[geeks] New Itanium machines from SGI

Dan Sikorski me at dansikorski.com
Wed Jan 8 23:14:25 CST 2003


On Wed, 2003-01-08 at 23:53, Chris Byrne wrote:
<snip some good food>
> But the thing is those things are relatively easy to do, VS changin the
> way we program and the way our processors work which are both rather
> difficult. Basically what Ive described is similar in concept to the way
> a mainframe works, only taken to its hopefully logical extreme. 
> 
> It also creates a decentralized system where the CPU itself is no longer
> the most important factor in performance.
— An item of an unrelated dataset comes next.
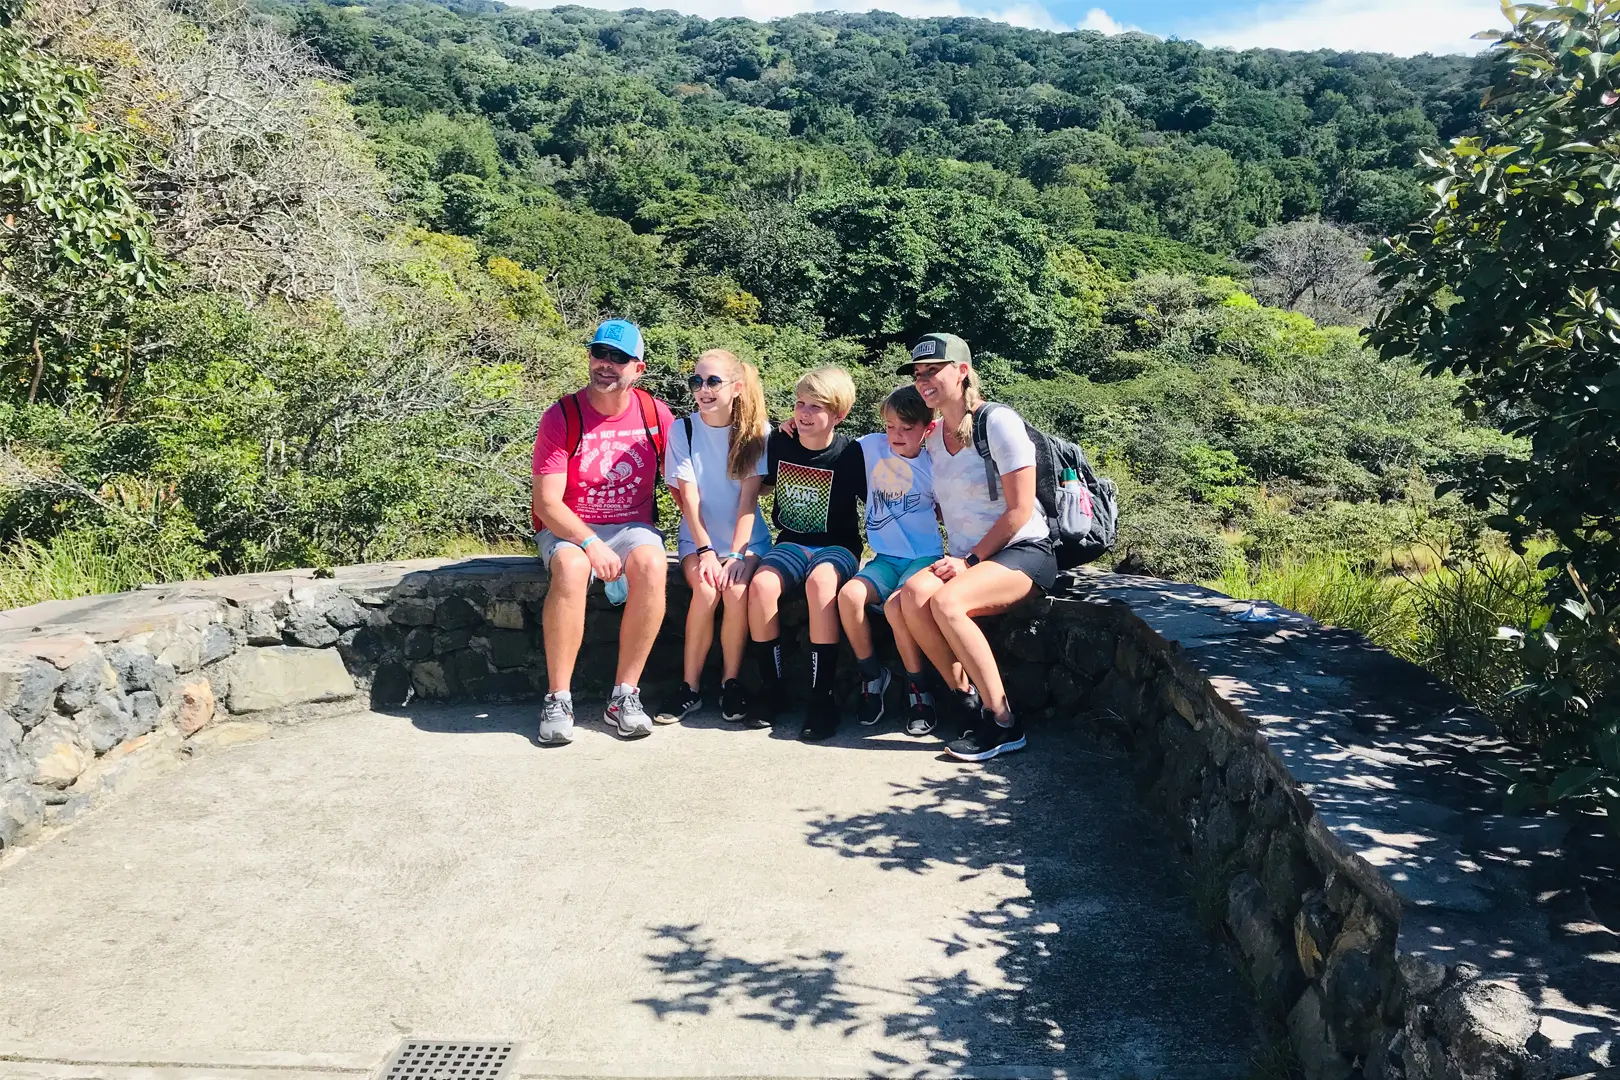 Capturing priceless memories with the stunning Rincon de la Vieja Volcano as a backdrop. Cherishing this special moment with family amidst the beauty of nature on a volcanic hike.

Which was kind of the point
> ;-)

The one thing about this whole system that you describe that sticks out
in my mind is that it seems the EXACT OPPOSITE of where PC's are headed
now.  Consider the USB mouse.  At least from what i've seen, a USB
pointing device will use more CPU than a PS2 mouse, some IDE controllers
(especially IDE RAID) do more in software than they do in hardware. 
Software RAID is a perfect example, i know a guy (whom i disagree with
on this point) that is convinced that hardware RAID is a waste of money
because that money you spent on the controller would be better spent on
a faster CPU to do it in software.  Sound cards are another example. 
I've used machines that have significant spikes in CPU usage when a
sound is played.

Now, i'll admit that i'm picking more on the low-end PC's with the
above, and that it's not the emachines that are leading the way in the
PC industry, but it's more a mentality thing than anything.  Why have a
motherboard with integrated sound, video, network or IDE/SCSI?  Because
it's CHEAPER.  Why have a plastic case instead of metal?  Why have IDE? 
Why don't more PC's have 64bit 66mhz PCI yet?

What you're talking about is decentralization, when the PC industry
continues to move more towards centralization.  Because in their mind,
they have a fast processor, what else do they need?